Alternate schemes for monitoring the radiation field have included use of secondary emission foils in the beam path or use of a toroid pulse transformer around the beam. Both of these techniques work only for electron beams and are insensitive to photon or neutron beams.
A disadvantage of the prior art using segmented ionization chambers is that they have regions of insensitivity between the segments. This allows the accelerator to deliver radiation that may be undetected or inaccurately measured by the dosimetry system. Furthermore, the response of electronic circuits measuring the ionization current from various segments must be well matched if an accurate measure of total current is to be obtained by summing currents from these segments. Electronic circuits for measuring the currents from the chamber segments must be high quality because the currents are small and leakage currents are a problem.

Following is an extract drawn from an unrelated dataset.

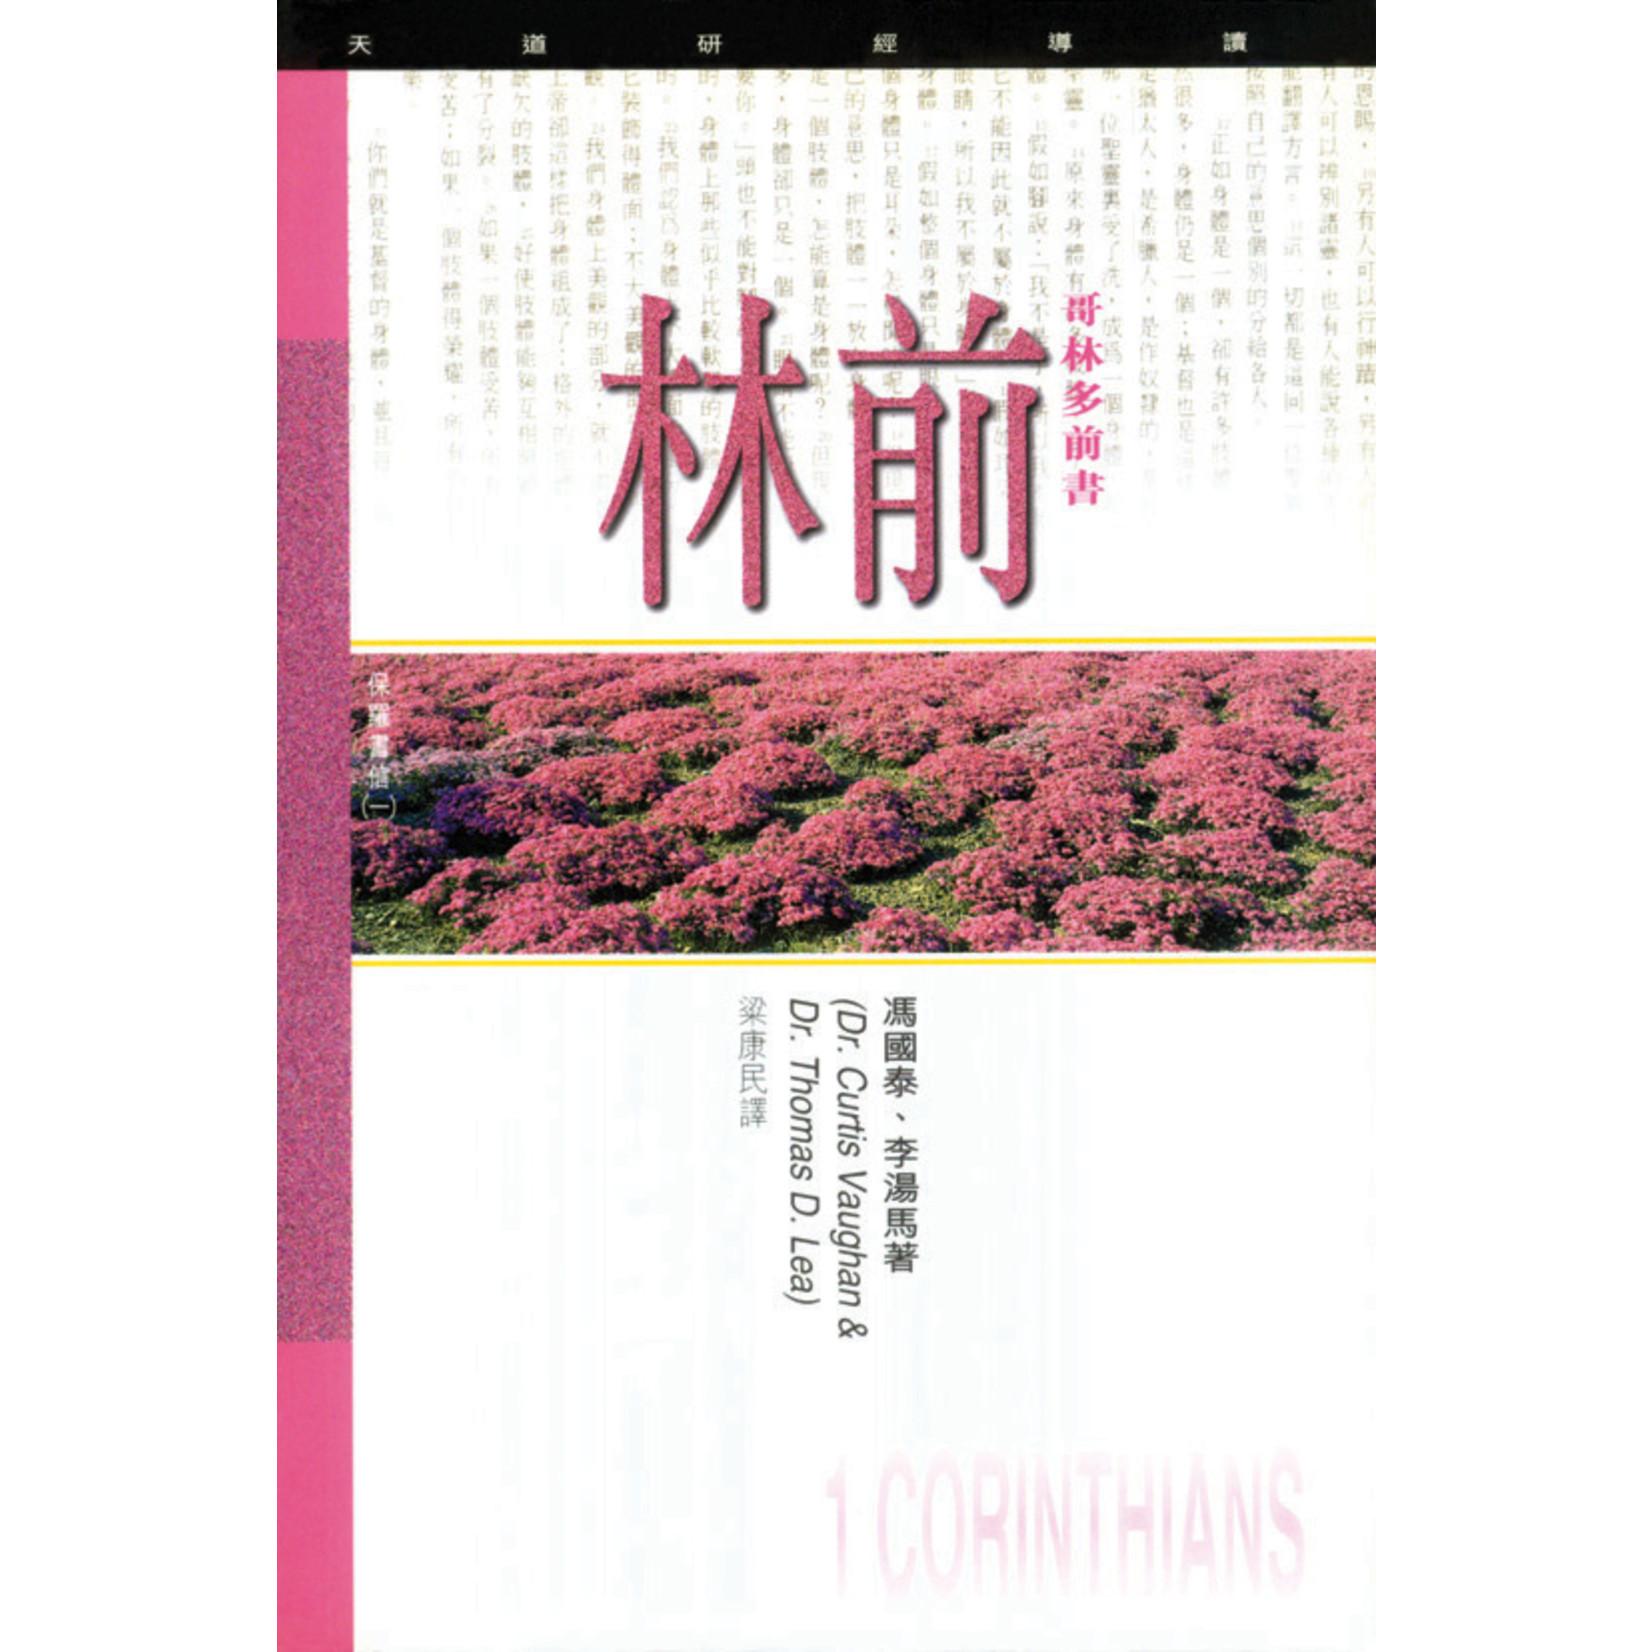 天道書樓 Tien Dao Publishing House 天道研經導讀:哥林多前書

In most accelerators the spatial information is also used to correctively tune the beam if an asymmetry is detected in the radiation flux. U.S. Pat. No. 3,838,284 covers this aspect of chamber design.
Shapes of the various segments are designed to provide information about various types of beam inhomogeneties which can result from a number of causes. This information can be used to drive servo systems which control the accelerator to correct such inhomogeneities and/or the information can operate interlock circuits to terminate radiation production if the spatial distribution of the beam is not correct. For example, U.S. Pat. No. 4,347,547 is a scheme whereby the beam intensity over a central electrode is compared to the sum of various outer segments to provide energy discrimination. Simultaneously the differences in beam intensity over the various outer electrodes provide information about the spatial symmetry in planes normal to the direction of the radiation beam.
A failure of one of the segments or its associated electronics may erroneously be interpreted by the system as a reduction and an asymmetry in the radiation flux. Should the control system try to correct this, a misapplication of the radiation beam may result. A means of measuring total ionization current independent of the segments is needed to verify the integrity of the segmented system.